Records excerpted from a collection –
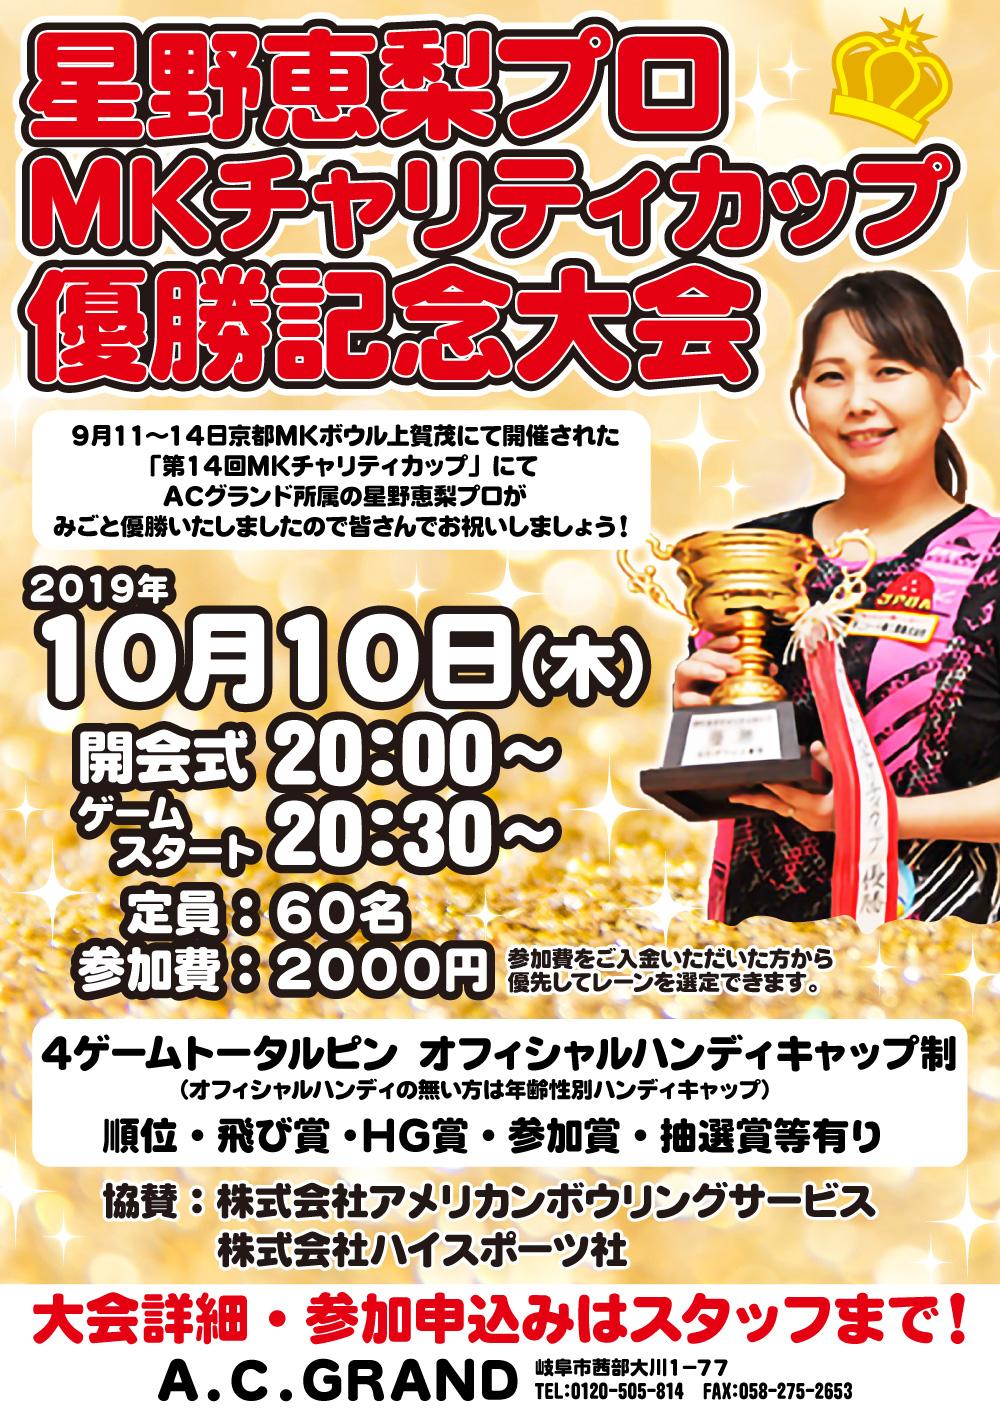 星野恵梨プロ優勝記念大会
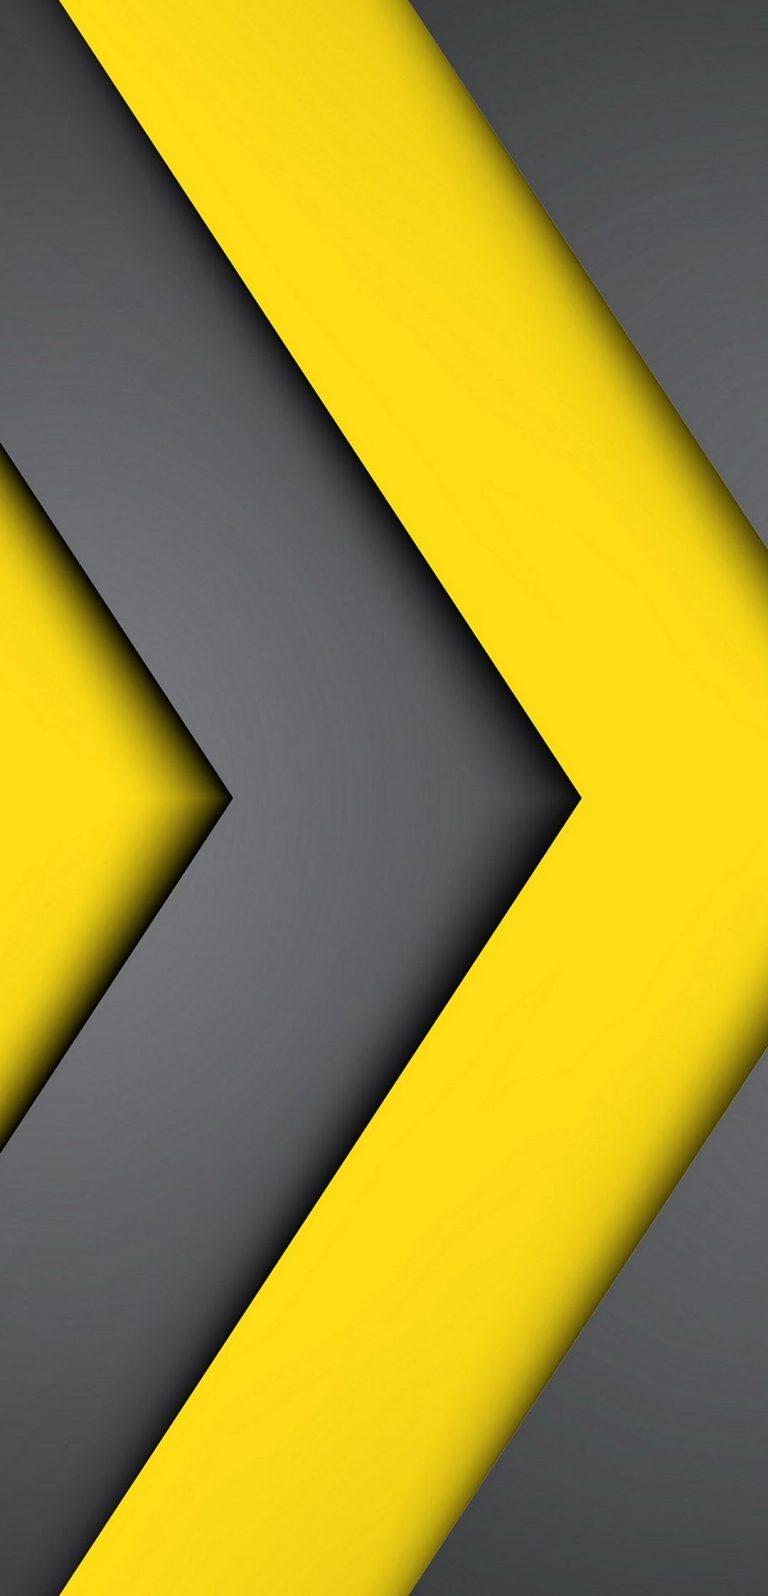 1080x2244 Wallpaper 003 768x1596
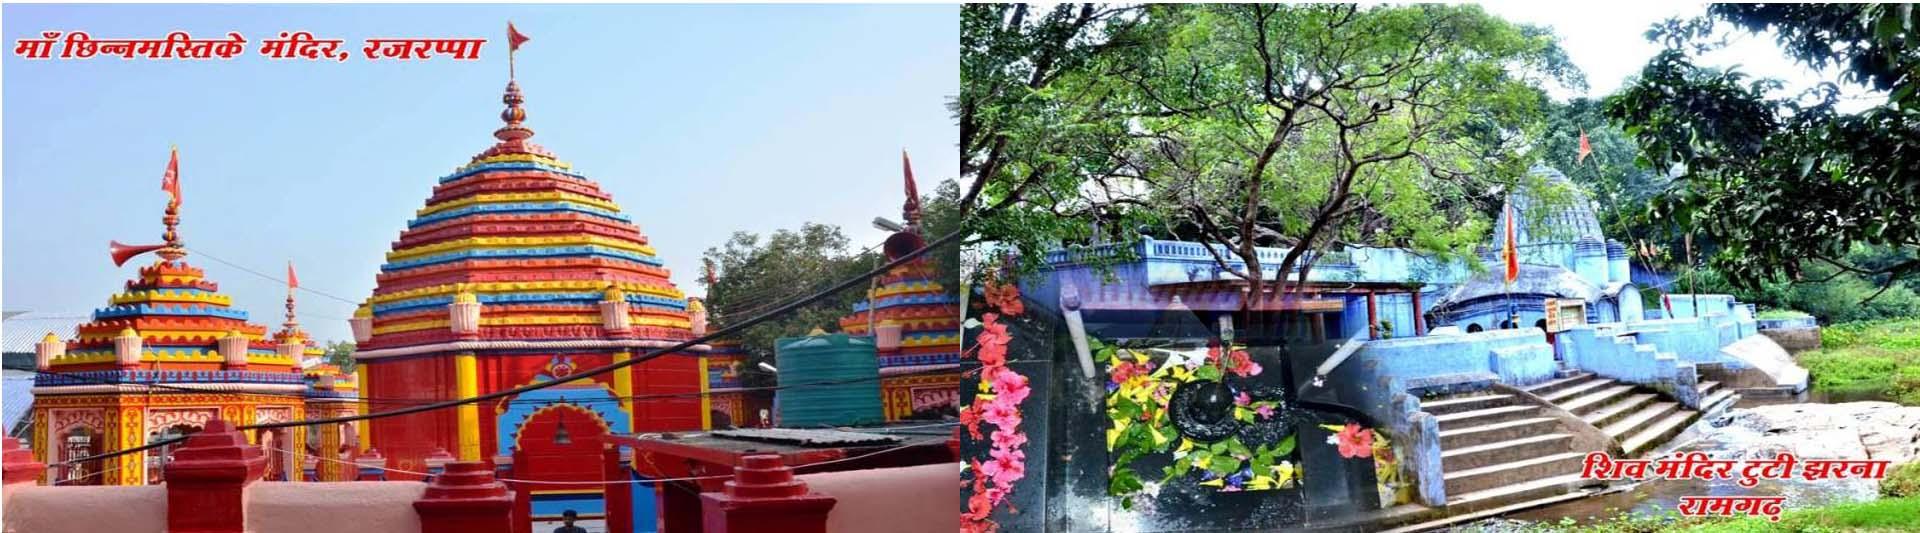 rajrappa & tuti jharna temple
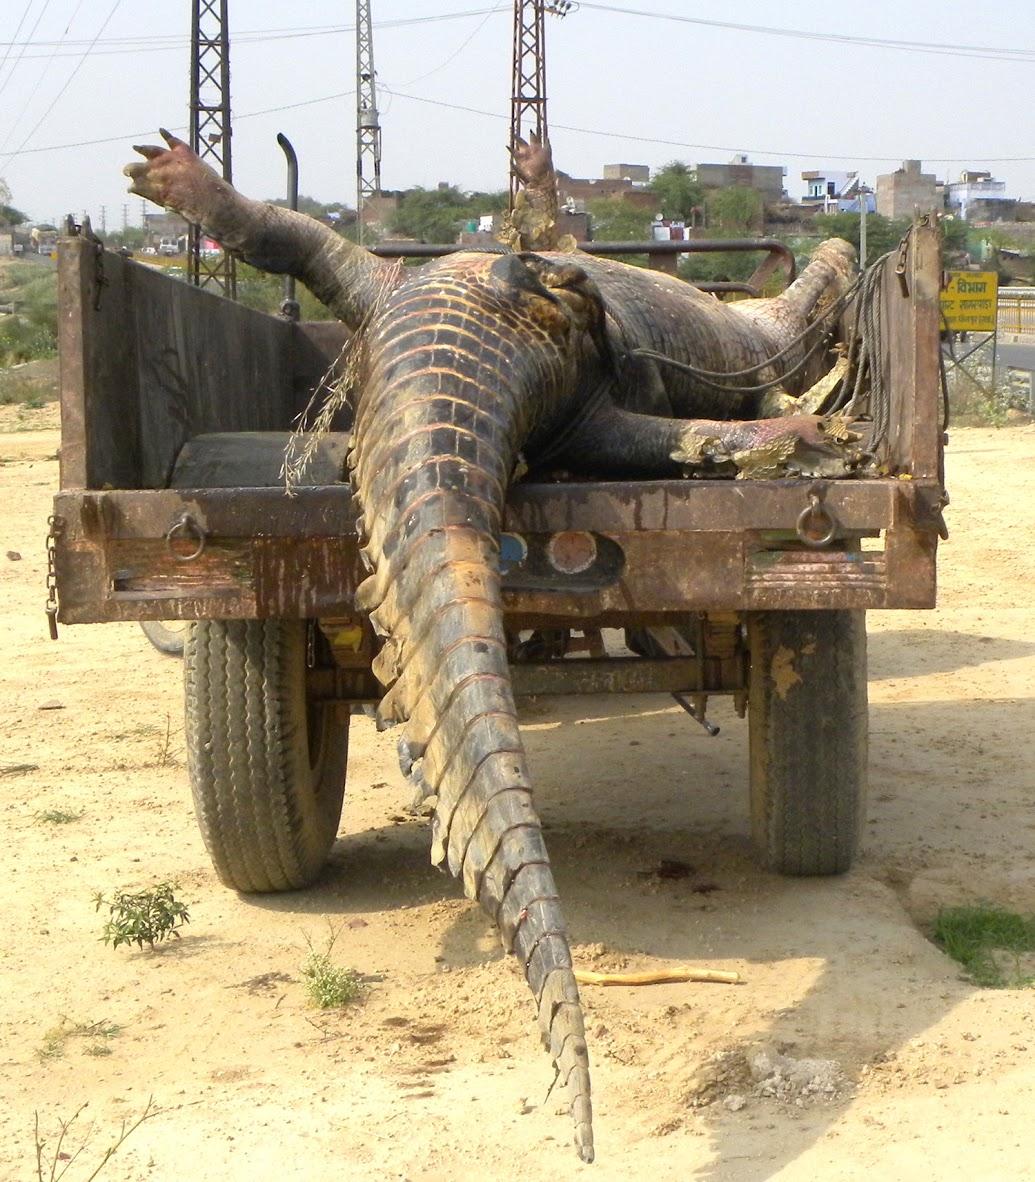 A drowned gharial. Credit: Rajeev Tomar
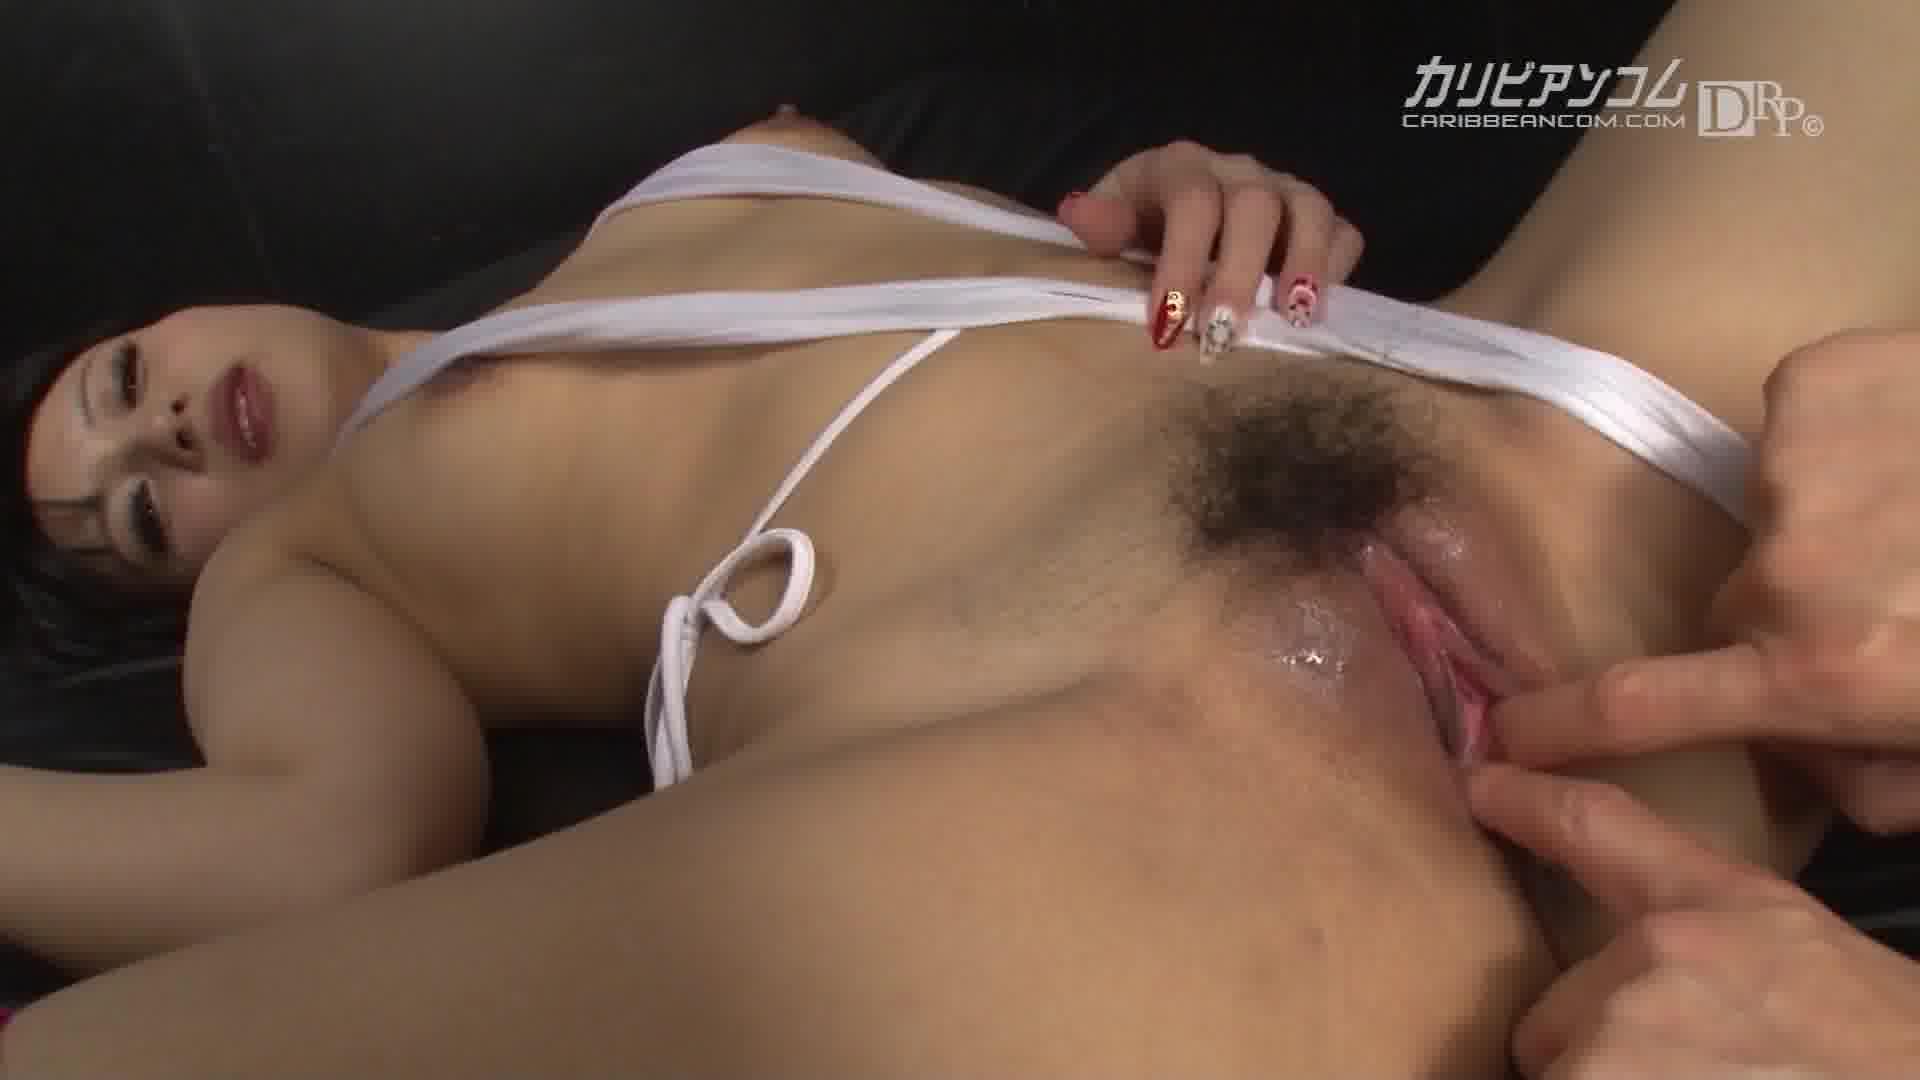 おねだりセックス - 桜井心菜【痴女・コスプレ・中出し】

Directions for this task –
Your copy must match the records above exactly, apart from the pictures, which are excluded.

Finished exercise –
 星野恵梨プロ優勝記念大会
 1080x2244 Wallpaper 003 768x1596
 rajrappa & tuti jharna temple
 A drowned gharial. Credit: Rajeev Tomar
 おねだりセックス - 桜井心菜【痴女・コスプレ・中出し】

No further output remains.